Dengan kegiatan tersebut, para kaum disabilitas tak lagi dipandang sebelah mata. Semangat hidup mereka juga dapat menginspirasi orang lain.
Hal serupa dituturkan Mayor Artileri Pertahanan Udara Simon Edward Sirait. Ia tidak dapat menggunakan kakinya untuk beraktivitas karena terluka saat melakukan pengamanan di Jakarta pada 1995.
Meskipun begitu, ia tidak menyerah. Ia terjun dalam olahraga tenis untuk kaum disabilitas. Pada 2011, ia meraih medali perunggu Asean Para Games di Surakarta, Jawa Tengah.
Panglima Komando Daerah Militer Jayakarta Mayor Jenderal TNI Eko Margiyono mengapresiasi keterlibatan masyarakat yang antusias mengikuti kegiatan ini.
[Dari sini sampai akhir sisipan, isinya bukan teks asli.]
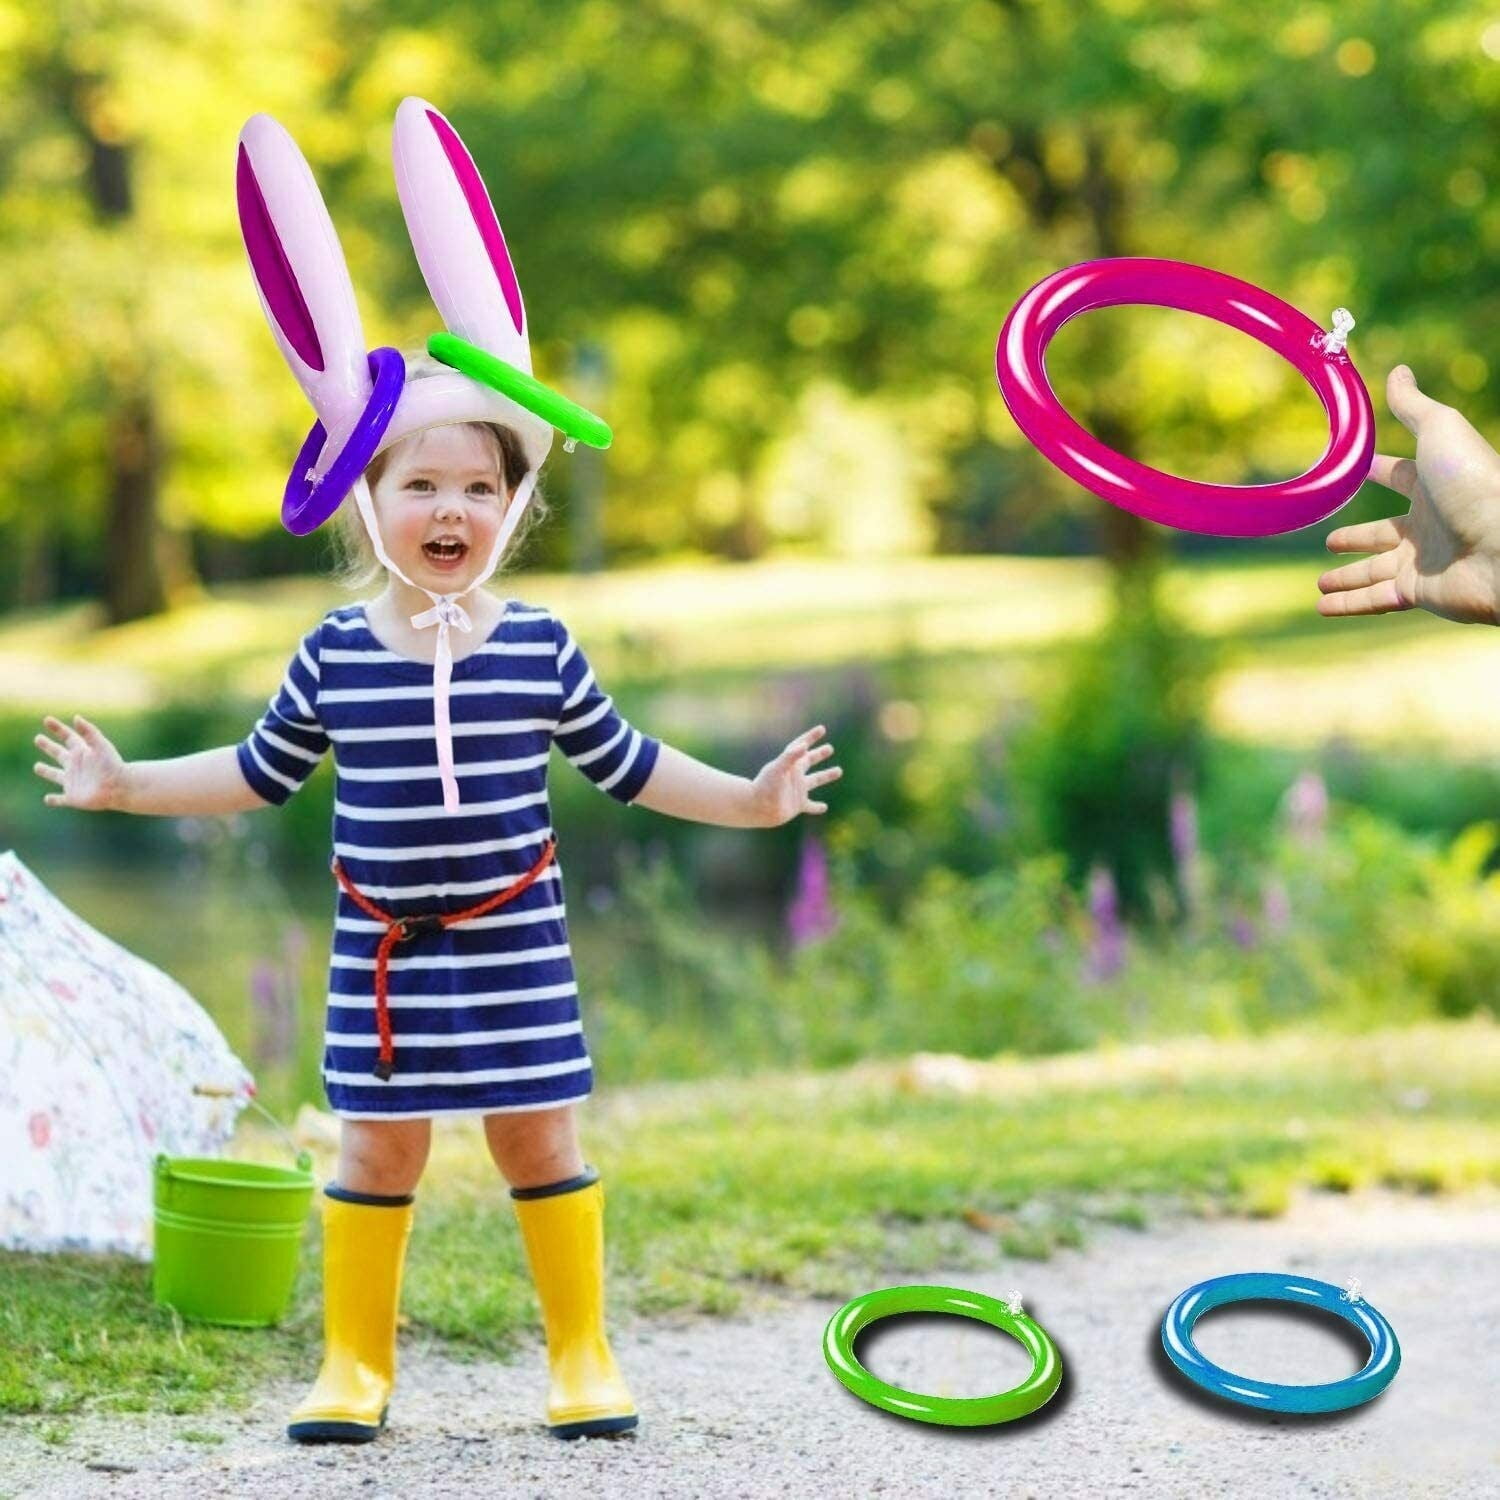 6 Sets, 24 Rings 6 Packs Easter Inflatable Bunny Ears Ring Toss Game Easter Rabbit Ears and Colorful Rings for Easter Gifts Easter Party Games Favors Supplies Kids Indoor Outdoor Toys 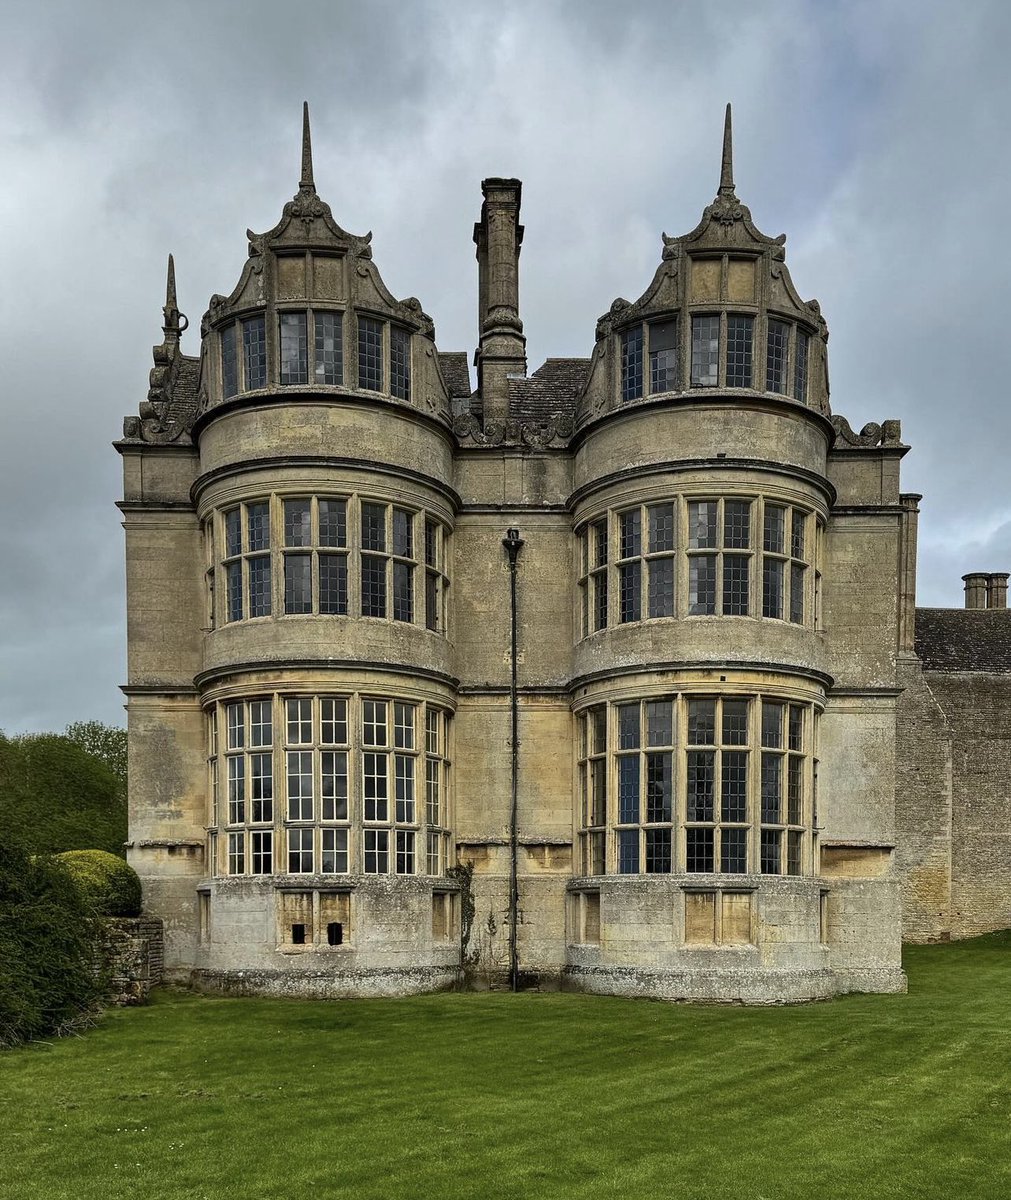 Cool: One of the great Elizabethan houses of England, Kirby Hall was built in 1570 for Sir Humphrey Stafford of Blatherwick

Apalagi, kegiatan ini juga mengampanyekan pentingnya kepedulian pada lingkungan dengan tidak membuang sampah sembarangan.
”Kami berharap masyarakat dapat semakin gemar berolahraga. Kami juga ingin kebiasaan membuang sampah pada tempatnya menjadi budaya di masyarakat,” ujar Eko.
Kami berharap masyarakat dapat semakin gemar berolahraga. Kami juga ingin kebiasaan membuang sampah pada tempatnya menjadi budaya di masyarakat.
Perlombaan ini, lanjut Eko, juga dapat menjadi sarana bagi kaum disabilitas untuk menyalurkan hobinya dalam berolahraga. Karena itu, ia ingin kegiatan yang baru pertama kali diadakan ini dapat berjalan rutin setiap tahun.